The 68-year-old actor has always had a keen personal interest in Lincoln, and even kept a copy of the Gettysburg Address in a scrapbook as a child. In 2007, he wrote the novel, Lincoln’s Better Angels, in which a man who is a caretaker at the Lincoln Memorial carries on extended imaginary conversations with Lincoln. And, not surprisingly, he has played Lincoln twice before. “But this play goes deeper than any Lincoln piece I’ve ever done,” he says. “In the early days, I got cast by default, because I was tall. And those plays were about a younger Lincoln.”

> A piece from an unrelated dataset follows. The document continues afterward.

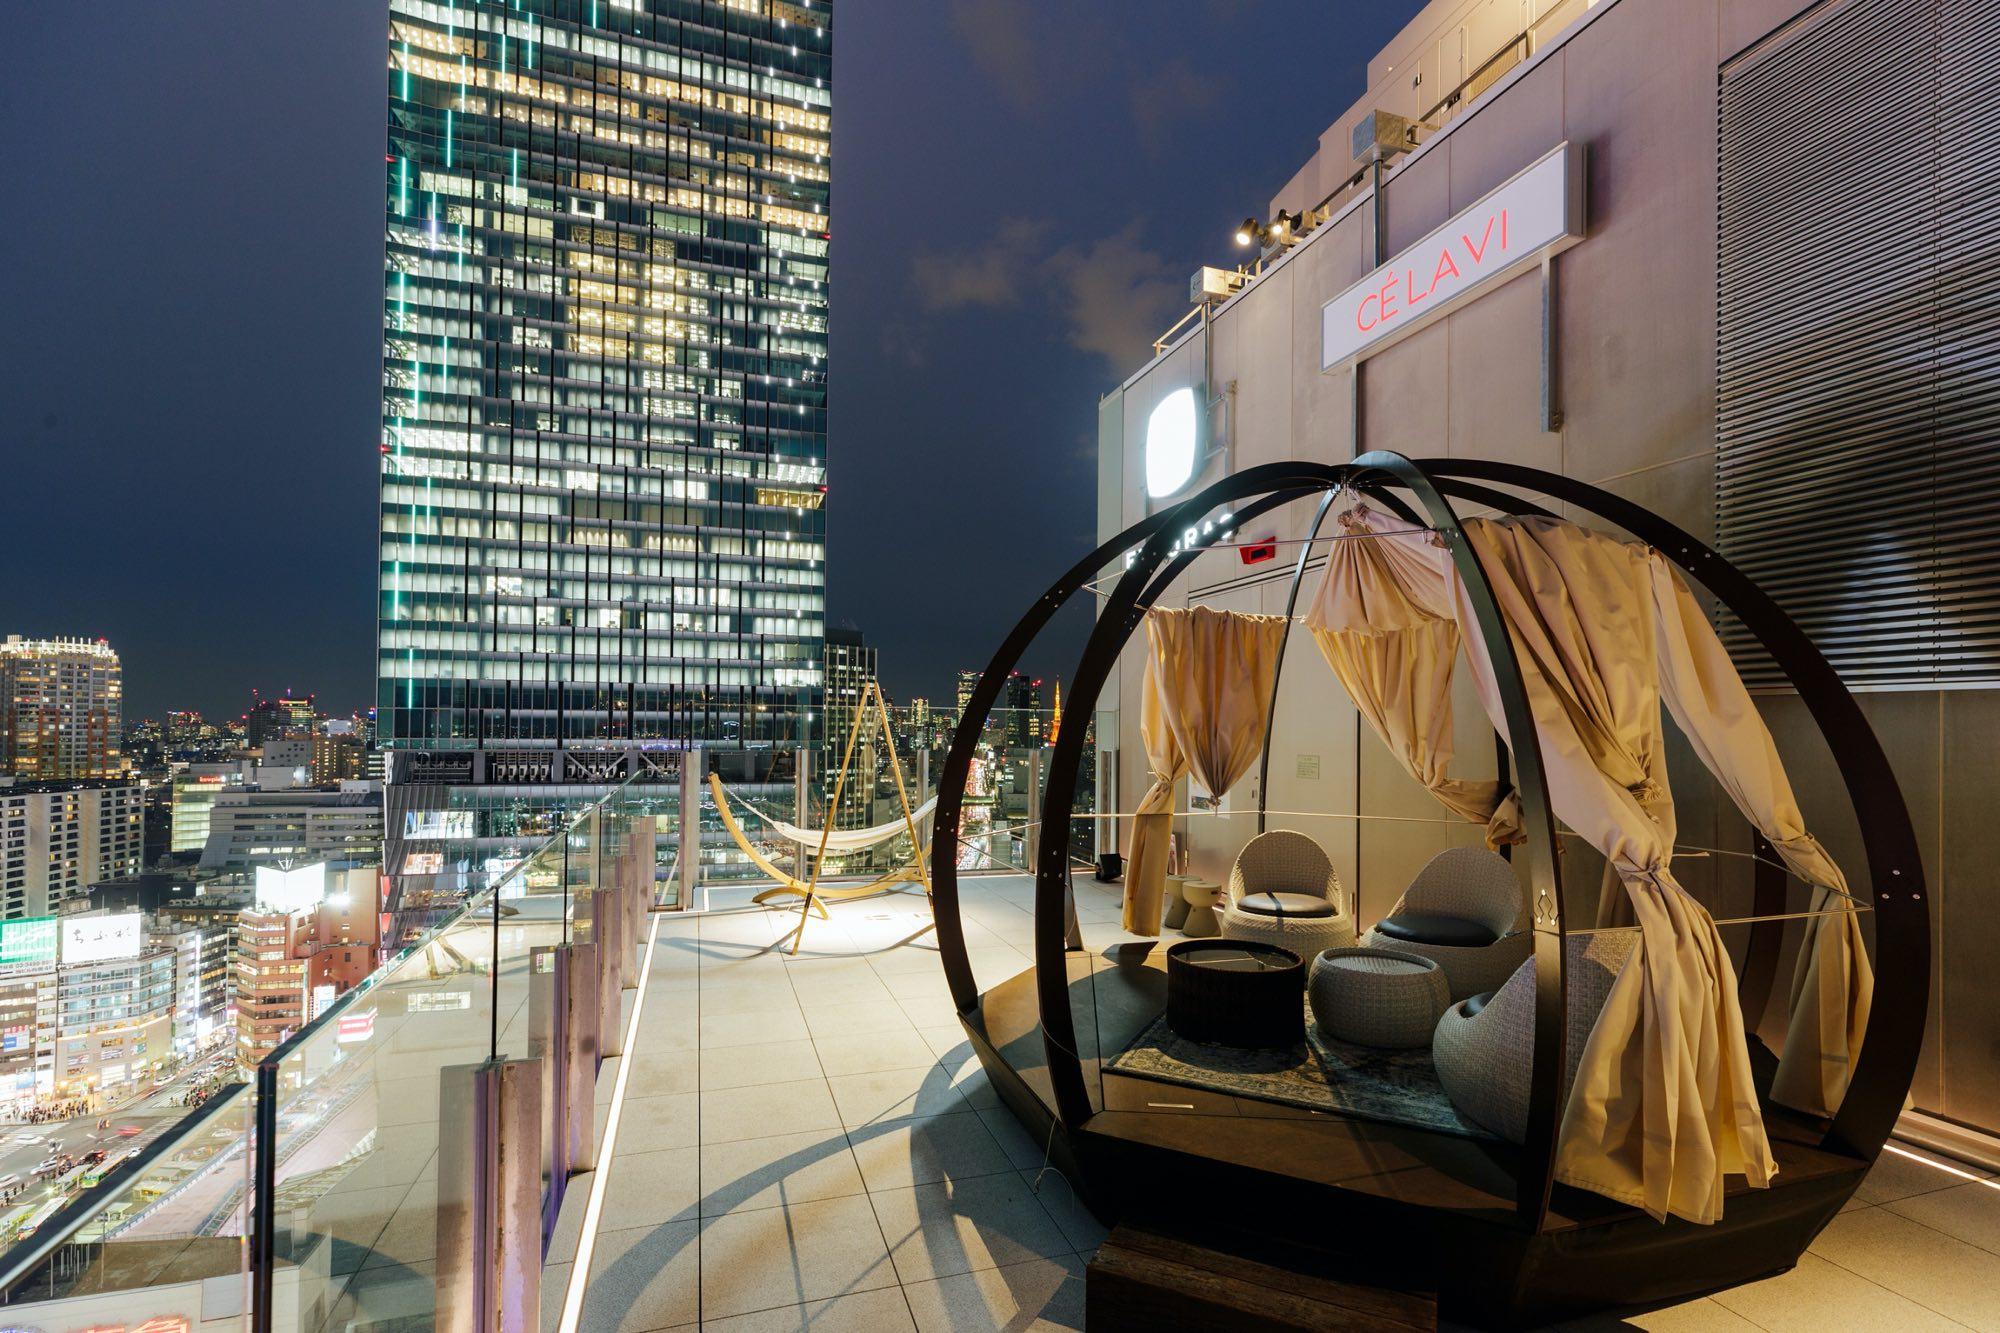 18.5F SKY MEZZANINE(night) Cé la vi Tokyo

It hardly escapes Selby that the Emancipation Proclamation has indirectly resulted in the election of our current president, Barack Obama. “He has come to the White House at the end of a long line of stepping stones of so many African-Americans leaders over the years; people like W.E.B. Dubois and Booker T. Washington and Medgar Evers and Martin Luther King and on and on,” says Selby, admiringly.

If Lincoln is close to his heart, Selby’s fans know him from a variety of stage and screen roles, including Barbra Streisand’s husband in the 1972 film Up the Sandbox; stage versions of The Heiress, Eccentricities of a Nightingale, Long Day’s Journey Into Night, and Mame; the short-lived HBO series Tell Me That You Love Me; and, of course, the role of conniving Richard Channing on CBS’ nighttime soap opera Falcon Crest. But it’s his first small-screen role that has remained his most iconic, as romantic heartthrob Quentin Collins on the 1960s soap opera Dark Shadows.

“What a wonderful show on which to have a first job,” he says. “The characters traveled through different periods. It was like being in a repertory company.” Still, does Selby know why fan clubs of the show still meet nearly 40 years after the show went off the air. “It was so successful at creating its own world,” he says. “It was an escape. 1968 was a tumultuous year; Martin Luther King and Bobby Kennedy were assassinated, and the Vietnam war was raging and so were all the protests. This country was in upheaval then. It was a rarefied time.”